Un ejemplo memorable
Uno de los ejemplos más notables de estas infestaciones diabólicas es el que se produjo en ocasión de los ejercicios del jubileo, en diciembre de 1826, en Saint-Trivier-sur-Moignans.

Esta pequeña ciudad se halla situada a una docena de kilómetros de Ars. Todos los sacerdotes de los alrededores se habían dado allí cita para el jubileo que debía, según se esperaba, atraer a muchas gentes y suscitar numerosas confesiones.

El abate Vianney había salido de su casa mucho antes del alba.
Mientras caminaba rezaba su rosario. Era su arma favorita contra
Satán. Cosa inexplicable en este mes del año, cercano al invierno, alrededor de él se levantaban fulgores siniestros. El aire parecía en llamas. Veía arder los arbustos a los lados del camino. Pensó que sería Satán que, previendo los frutos de salvación que el jubileo iba a producir, intentaba espantarlo. Pero esto no le impidió proseguir su camino.

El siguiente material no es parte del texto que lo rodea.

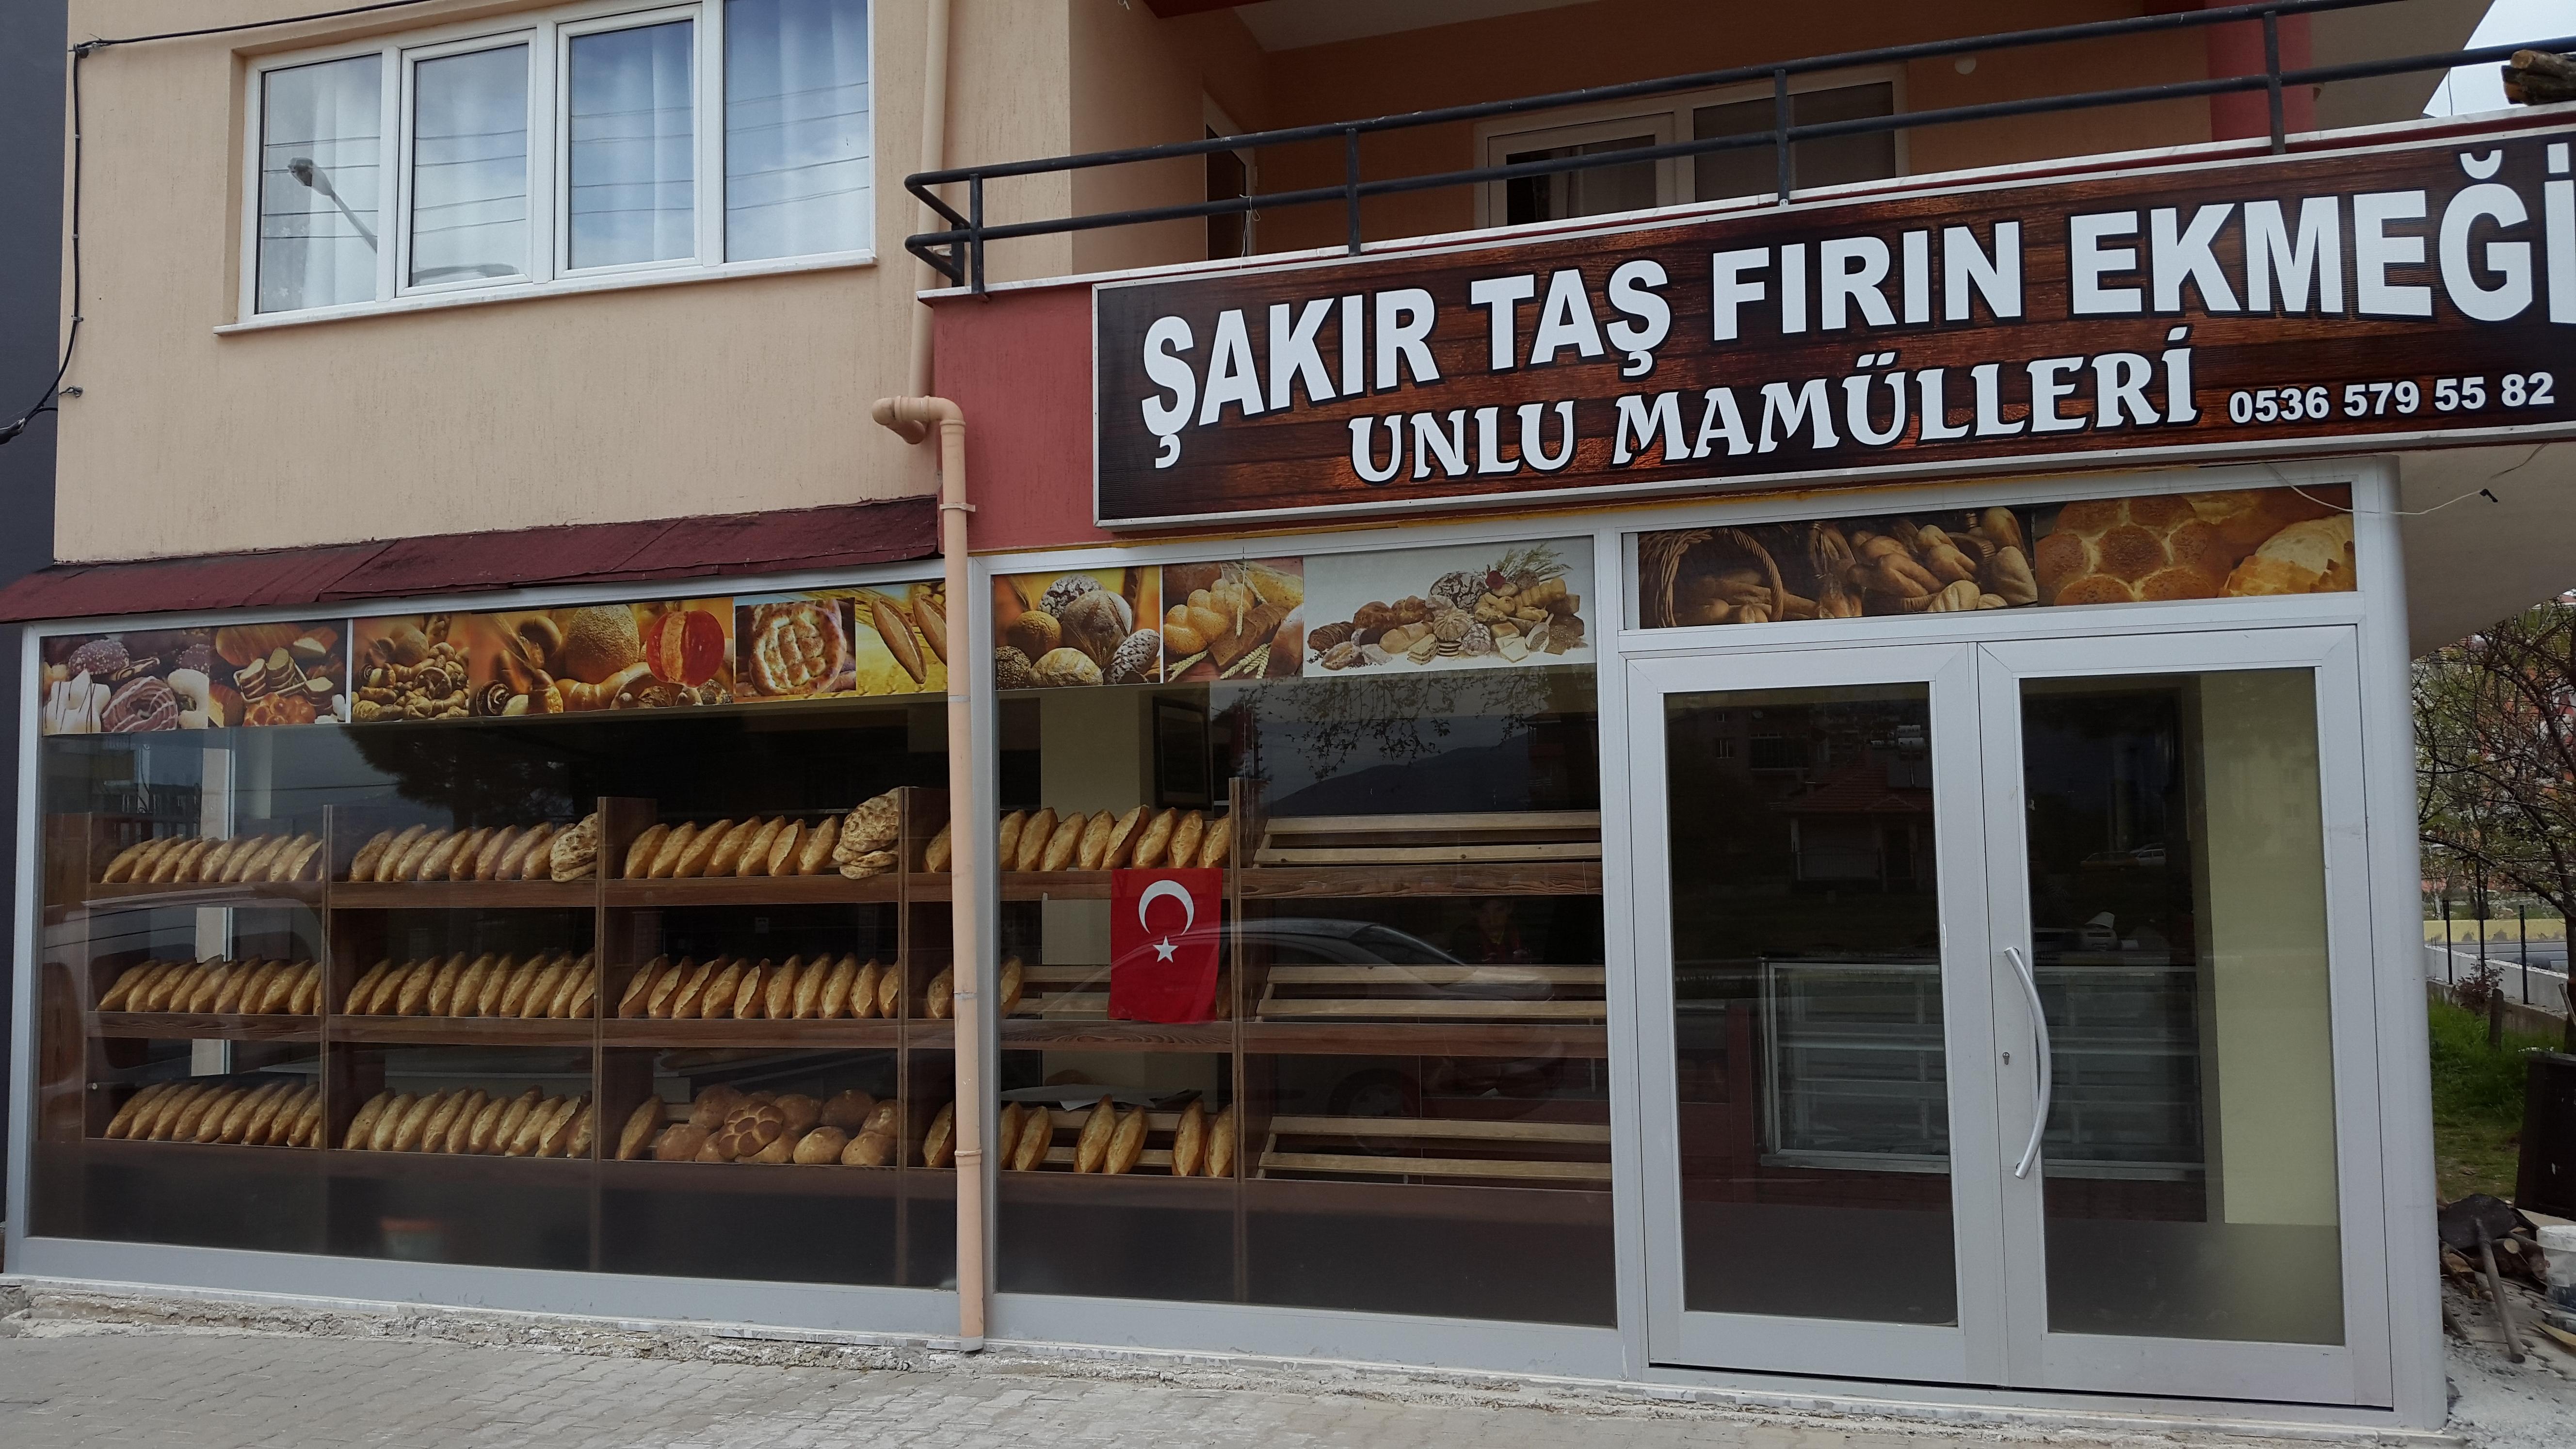 Tasfirin.org

Cuando llegó al presbiterio de Saint-Trivier, empezó sin tardanza la tarea que le era propia. Por la noche, cuando todo se hallaba en calma en el presbiterio, se oyeron ruidos inexplicables. Parecían provenir del cuarto del cura de Ars. Sus colegas, molestos por estos ruidos insólitos, fueron a quejársele. "Es el Arpeo — repuso él sencillamente—: ¡está enojado por todo el bien que se hace aquí!"
Pero sus colegas no hicieron sino reírse de su seguridad: "Usted no come, no duerme —le dijeron—, le zumba la cabeza, ¡las ratas le corren por el cerebro! . . ."

Y en los días siguientes las bromas arreciaron. Pero una noche que los reproches se hicieron más vehementes no dijo nada. Apenas se había acostado cuando se oyó el ruido como de un carruaje muy cargado que hacía temblar el presbiterio. Todos se levantaron aterrados.

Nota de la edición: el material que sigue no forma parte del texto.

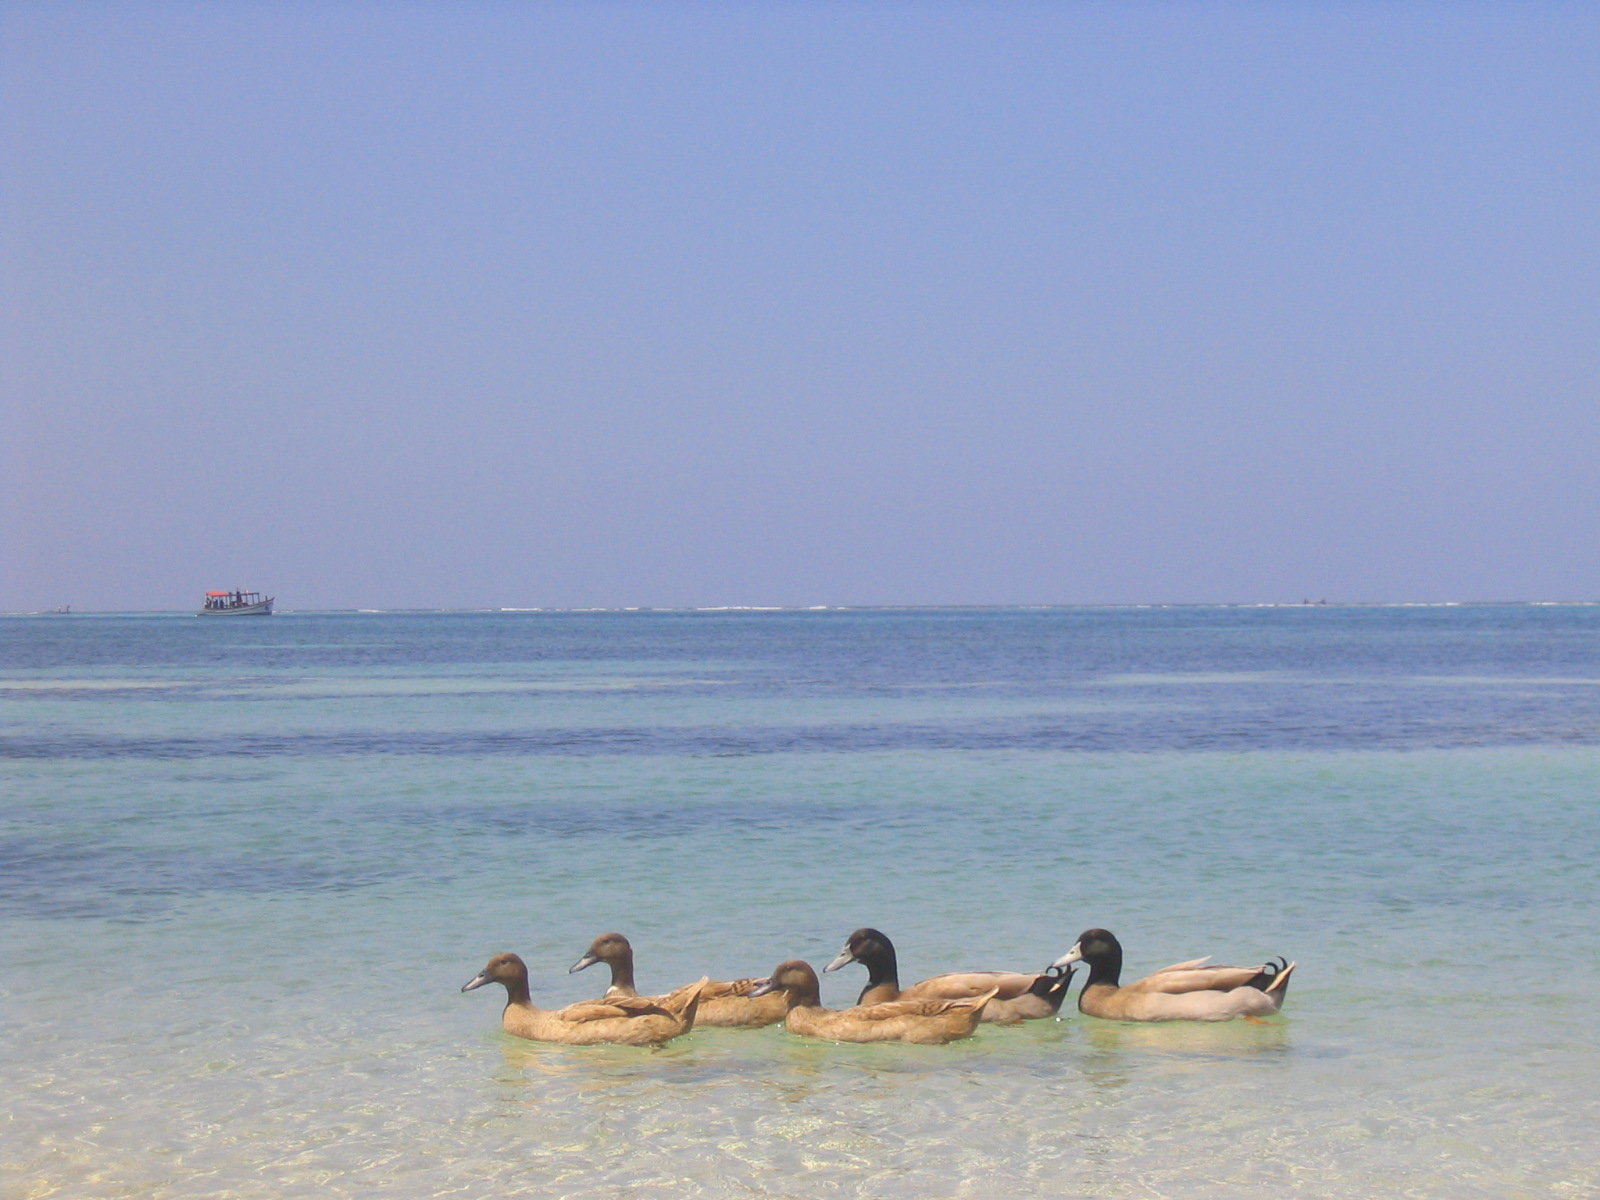 File Ducks On A Beach At Kavaratti Lakshadweep Jpg

Mientras se preguntaban de dónde podía venir semejante barullo, se oyó en el cuarto del cura de Ars un escándalo tal que el cura del lugar, Benoit, exclamó: "¡Están asesinando al cura de Ars!" En seguida, todos se dirigieron a la habitación y abrieron la puerta. ¿Y qué vieron? El abate Vianney estaba tranquilamente acostado en su cama, pero manos desconocidas lo habían empujado hasta el centro
del cuarto. En ese momento, se despertó para decirles tranquilamente:
"Es el Arpeo el que me ha arrastrado hasta aquí y que ha hecho todo este estruendo . . . No es nada . . . siento no haberlos prevenido.

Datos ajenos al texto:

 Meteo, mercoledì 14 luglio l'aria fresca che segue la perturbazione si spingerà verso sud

Pero es buena señal: mañana habrá aquí un pez gordo."
Se preguntaron de cual "pez" se trataría.
Sus compañeros lo embromaron un poco temiendo lo que llamaban sus "alucinaciones". Sin embargo no se había equivocado. Lo vieron bien cuando un personaje de la región que todos sabían alejado de las prácticas religiosas, el caballero de Murs, entró en la iglesia y se dirigió directamente al confesionario del cura de Ars.
Esta conversión hizo una impresión enorme en toda la provincia.
Desde ese momento, uno de los críticos más agresivos con respecto al abate Vianney empezó a considerarlo como "un gran santo".